Dadurch, dass wir mit Susi und Kevin zusammenarbeiteten, lernten wir sie viel besser kennen, als Dougal und Helen, auch wenn sie in persönlichen Dingen ein bisschen zurückhaltend waren. Was wir vorher wussten: Susi hat die Hosen an. So spricht jeder nur von „Susis Farm“. Ein Grund dafür mag sein, dass Susi schon weitaus länger in Neuseeland ist. Helen hat uns erzählt, dass Susi damals mit ihrer Tochter vor Kevin „geflüchtet“ ist und sich hier in Neuseeland eine eigene Existenz aufgebaut hat. Vor etwa zwei Jahren kam Kevin hinterher gereist und die beiden haben sich scheinbar wieder vertragen. Beide sind etwas egozentrisch, wie uns Helen bereits vorgewarnt hat. So hängt an ihrem Kühlschrank beispielsweise ein Magnet mit der Aufschrift „Zuhören und den anderen ausreden lassen“ – sie wissen also durchaus, wo ihre Schwächen in der Kommunikation liegen. Die beiden sind in der Organic-Politik aktiv, gehen zu öffentlichen Anhörungen und vertreten ihre Meinung. Sie sind sehr unzufrieden, wie in Neuseeland mit diesem Thema und besonders den genmanipulierten Lebensmittel umgegangen wird. Ein paar Schimpfwörter haben wir in dieser Zeit auch gelernt. Susi meine einmal, Kevin sei nur nach Neuseeland gezogen, weil man hier eine Waffe haben darf. Und tatsächlich zählt es zu seinen Hobbys, die eingeschleppten Vogelarten abzuschießen. Wieder wurde noch deutlicher, wie die Neuseeländer kämpfen müssen, um die ursprüngliche Natur zu erhalten. Die Schuhuntersuchung am Flughafen wird immer plausibler.

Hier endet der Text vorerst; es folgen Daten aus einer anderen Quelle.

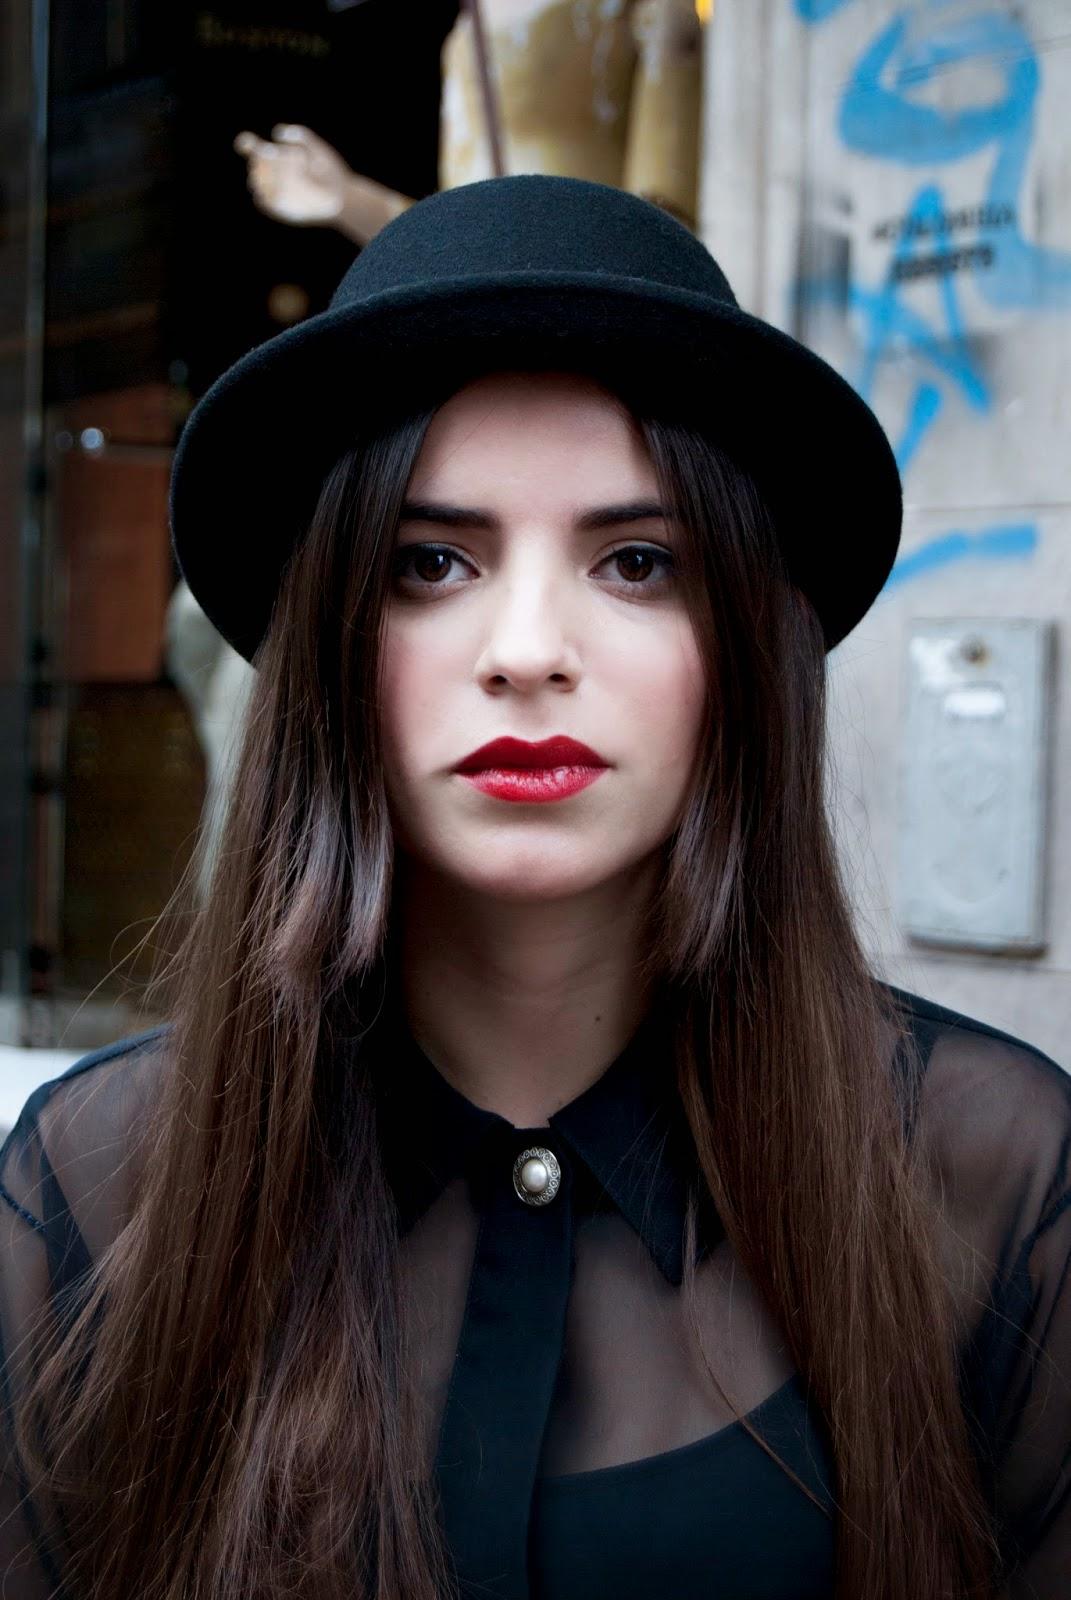 c20c6a7c4c555 Si sos de las agraciadas que sienten que tienen el rostro ovalado todos los  sombreros te quedan bien

Die beiden und ihre naturnahe Lebensweise unterscheiden sich sehr von dem, was wir sonst so kennen gelernt haben, aber am Ende der Woche müssen wir zugeben: Wir haben uns daran gewöhnt und angefangen, ihre Art und Motivation zu verstehen und zu mögen.
Ein Highlight der Woche war für mich der Pubbesuch in Upper Moutere – der angeblich älteste Pub in Neuseeland. Susi nahm uns am Samstagabend spontan mit dort hin, nachdem sie Kevin von dort abgeholt hatte (zu betrunken, um selbst zurück zu fahren). Die „Gypsy Pickers“ (http://www.gypsypickers.com/), eine Hippiefrau und ein kubanisch-maffiamäßig-aussehender Hippiemann, die ganz toll Gitarre, Banjo und sonstige lustig aussehende Instrumente spielten und toll dazu singen konnten, traten an diesem Abend dort auf. Die Sängerin war für mich die Vorzeigefigur einer Hippiefrau: leicht gewellte lange blonde Haare, Schlaghose und Glitzer-Flower-Powertop. Die Liederauswahl war toll, viele bekannte Coversongs und alle sehr passend zu ihren Stimmen. Susi und mich hielt es nicht lange an der Bar und bald schwitzten wir (Ofen direkt neben der Tanzfläche) auf der kleinen Tanzfläche vor der Band. Der Pub unterschied sich von den „klassischen“ Pubs in seiner Offenheit und Helligkeit. Ein Billardtisch hielt die Jungs davon ab, sich zu überlegen, doch noch zu tanzen (wobei ich da bei Thomas langsam keine Hoffnung mehr habe). Ich trank ein leckeres Gingerbier – Ingwer ist hier in Neuseeland z.B. in Keksen etc. ein favorisiertes Gewürz. Die Jungs bekamen von Susi je einen Biertest spendiert: 4 kleine Gläser verschiedener neuseeländischer Biere, die sie auf einem Bierdeckel bewerten konnten. An einer Pinnwand hingen neben Ankündigungen für die nächste „Quiltshow“ die Statistiken zu den Bierbewertungen. Der Barmann war etwas schockiert von unseren zwei kritischen deutschen Jungs, die keine bessere Punktzahl als 7 vom 10 gaben. Auf dem Rückweg fuhr ich dann Susis Auto, während sie den Pickup von Kevin nach Hause brachte. Schade, irgendwann möchte ich auch einmal so einen Pickup fahren! Die gibt es hier zu hauf, meistens von der australischen Marke Holden – sehr schön designt, in grellem grün oder anderen knalligen Farben. Jetzt am Ende waren wir dann sogar ein bisschen traurig, schon wieder abreisen zu müssen, aber auch ein wenig erleichtert, in unser gemütliches Hostel zurückzukehren. Wir sehen aber sicher beide unserer Wwoofingfamilien auf dem Wochenendmarkt wieder.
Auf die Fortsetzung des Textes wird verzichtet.